- _Task directions_: Line by line, set down all the data below exactly, omitting any picture.

- _Data provided_:

=-=-=

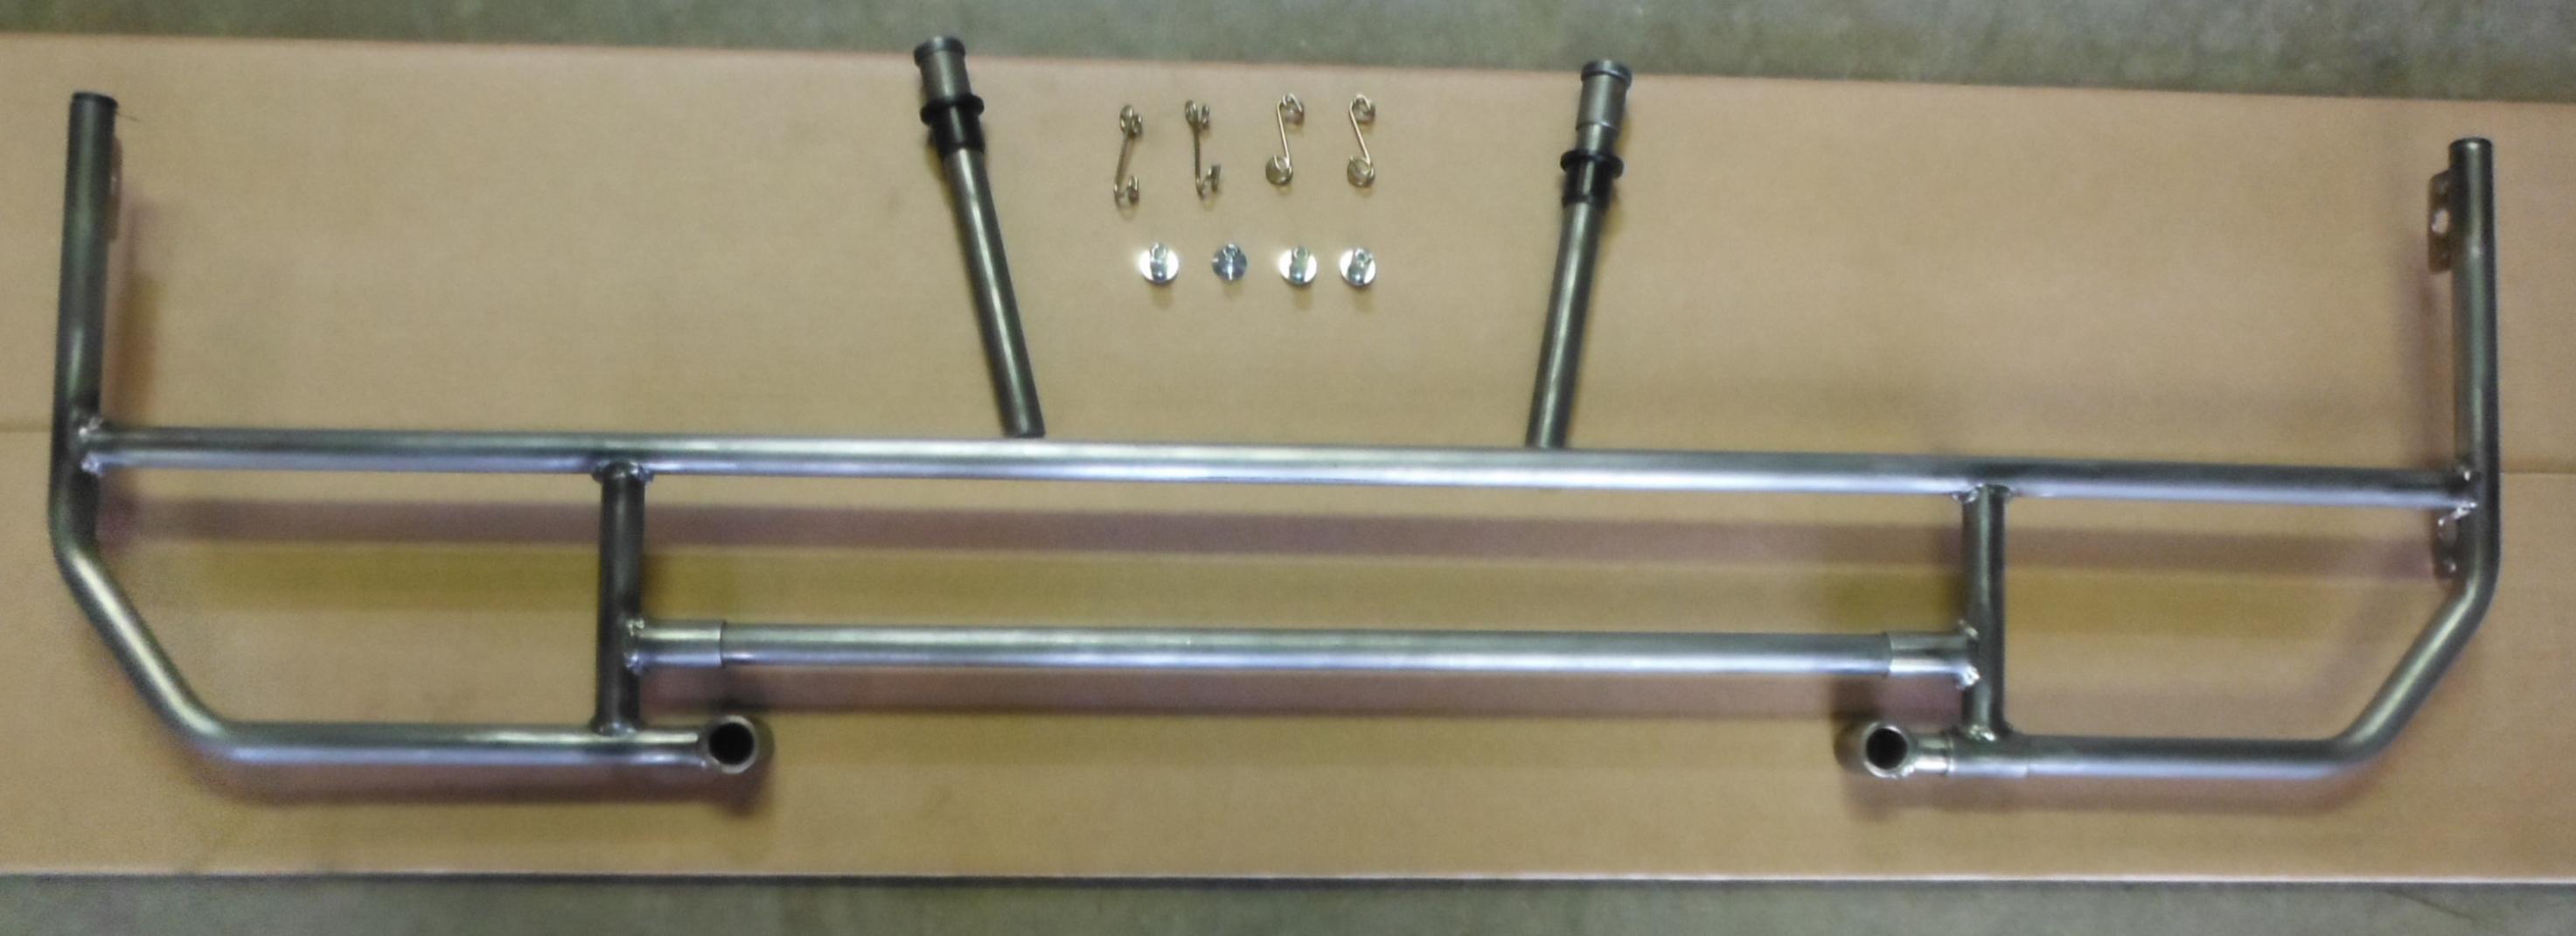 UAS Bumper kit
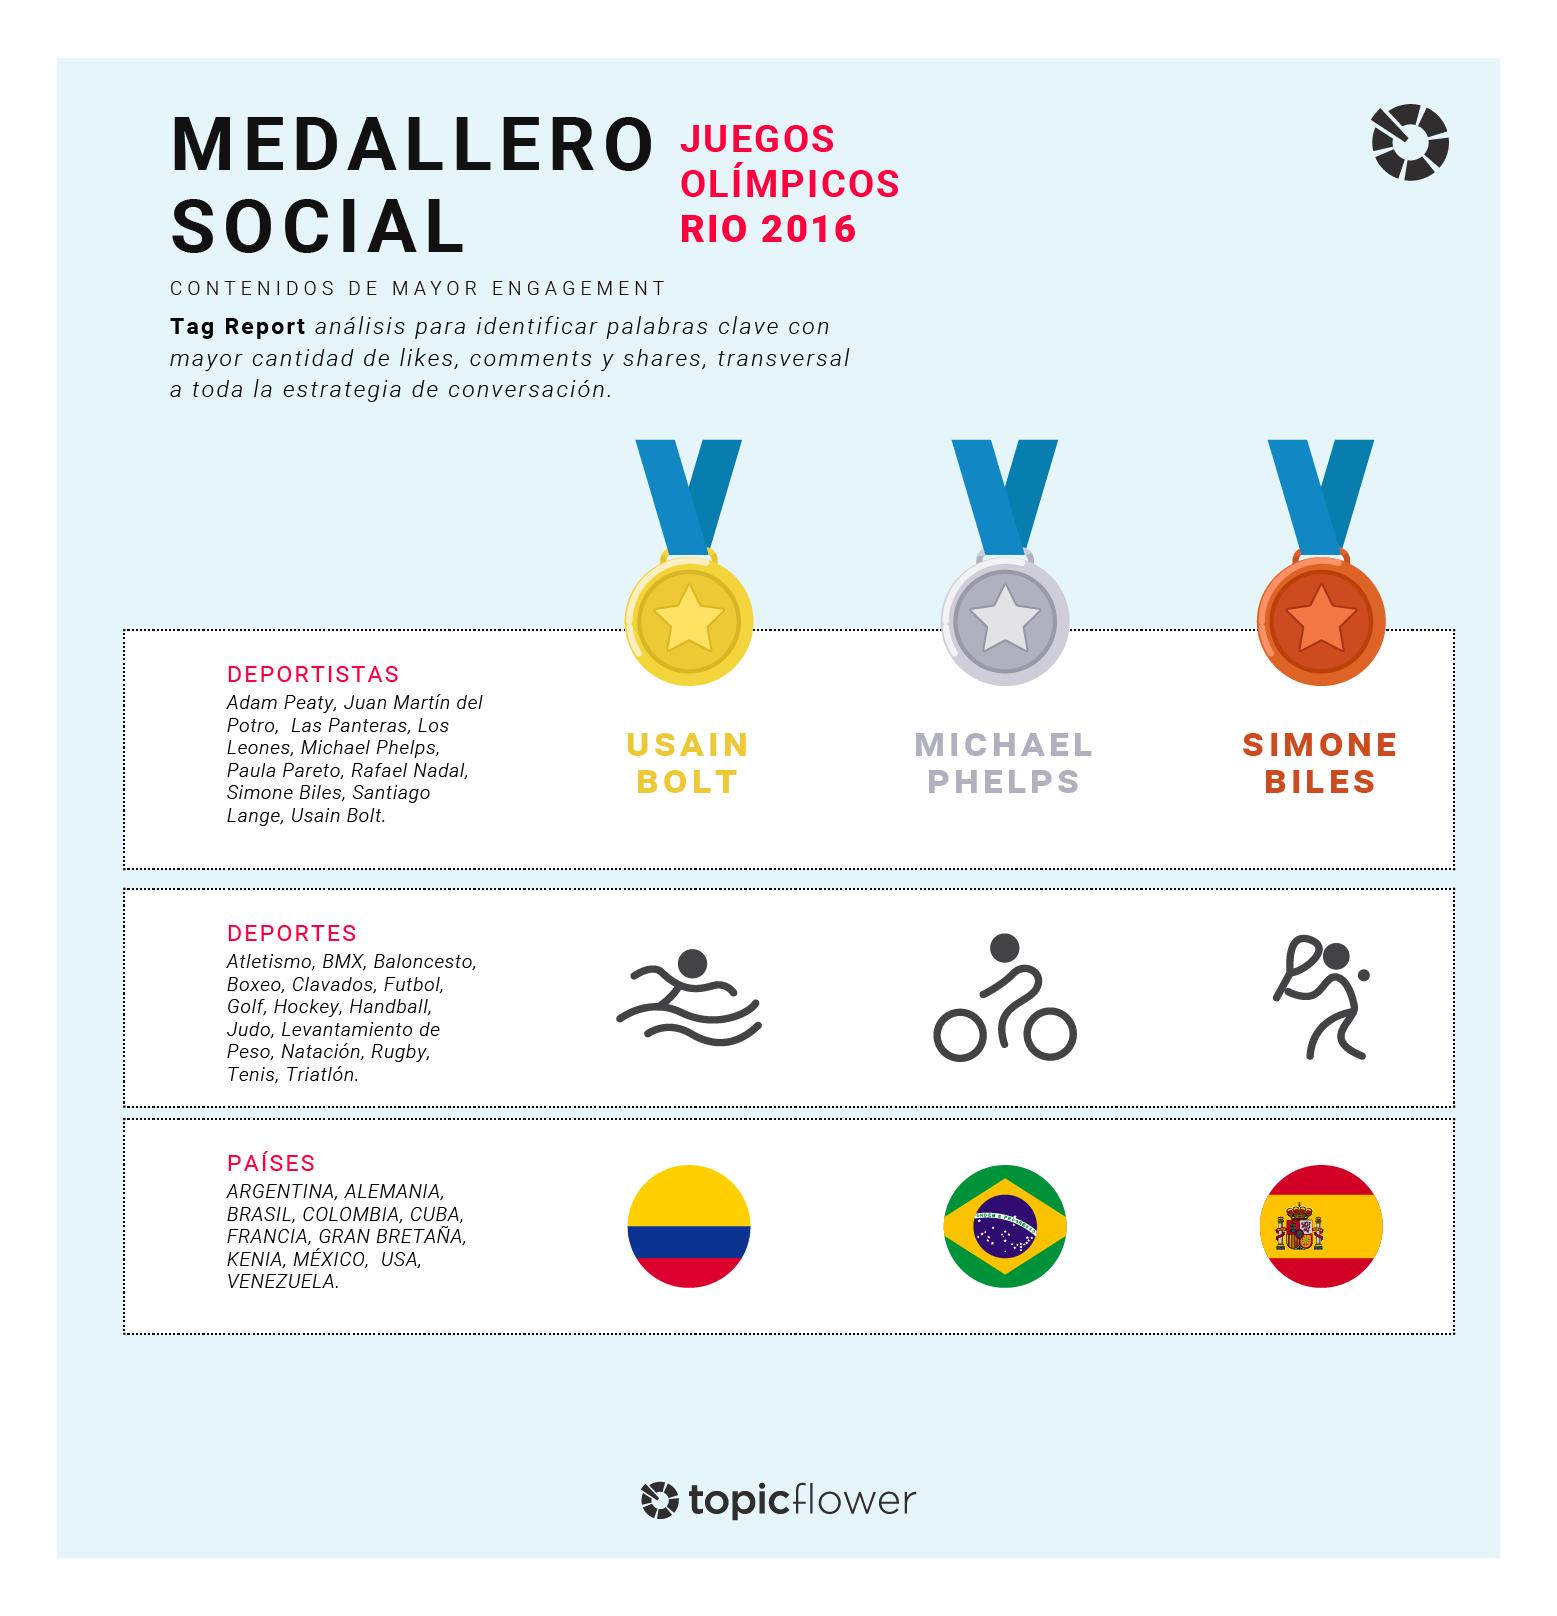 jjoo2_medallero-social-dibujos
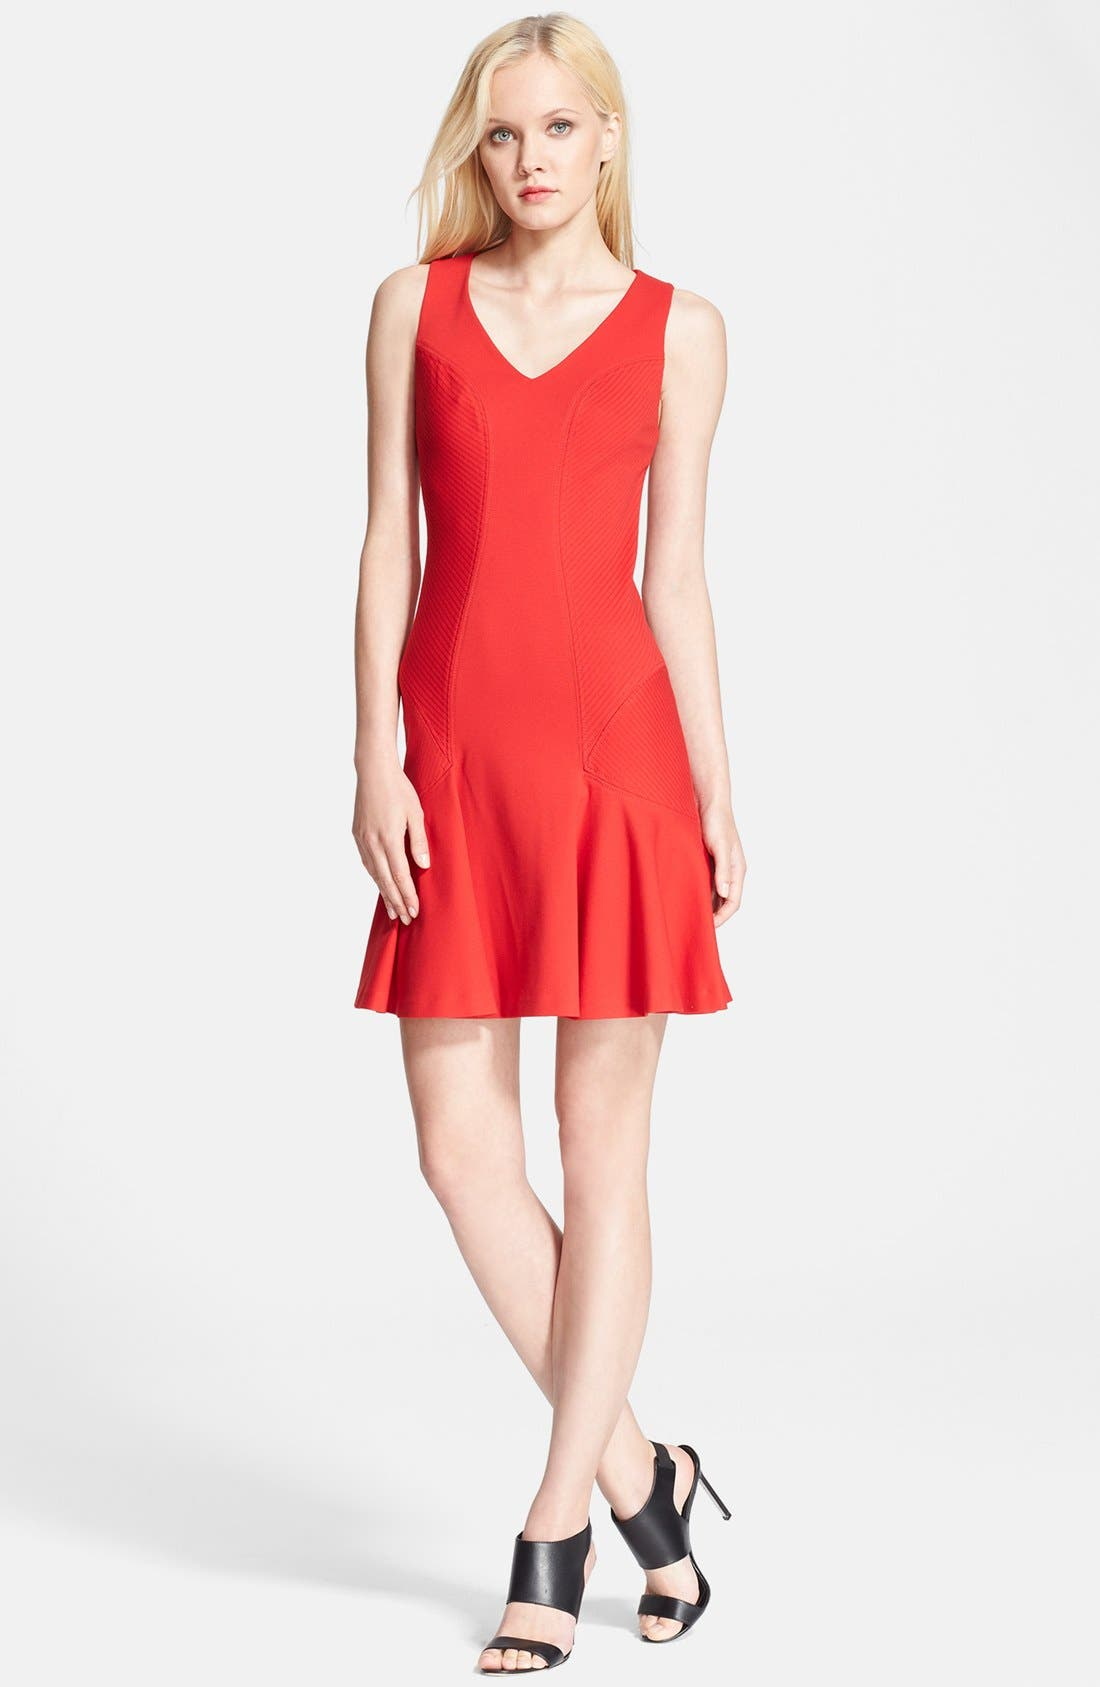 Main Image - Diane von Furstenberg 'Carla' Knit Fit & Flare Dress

=-=-=

- _Task solution_:
 UAS Bumper kit
 jjoo2_medallero-social-dibujos
 Main Image - Diane von Furstenberg 'Carla' Knit Fit & Flare Dress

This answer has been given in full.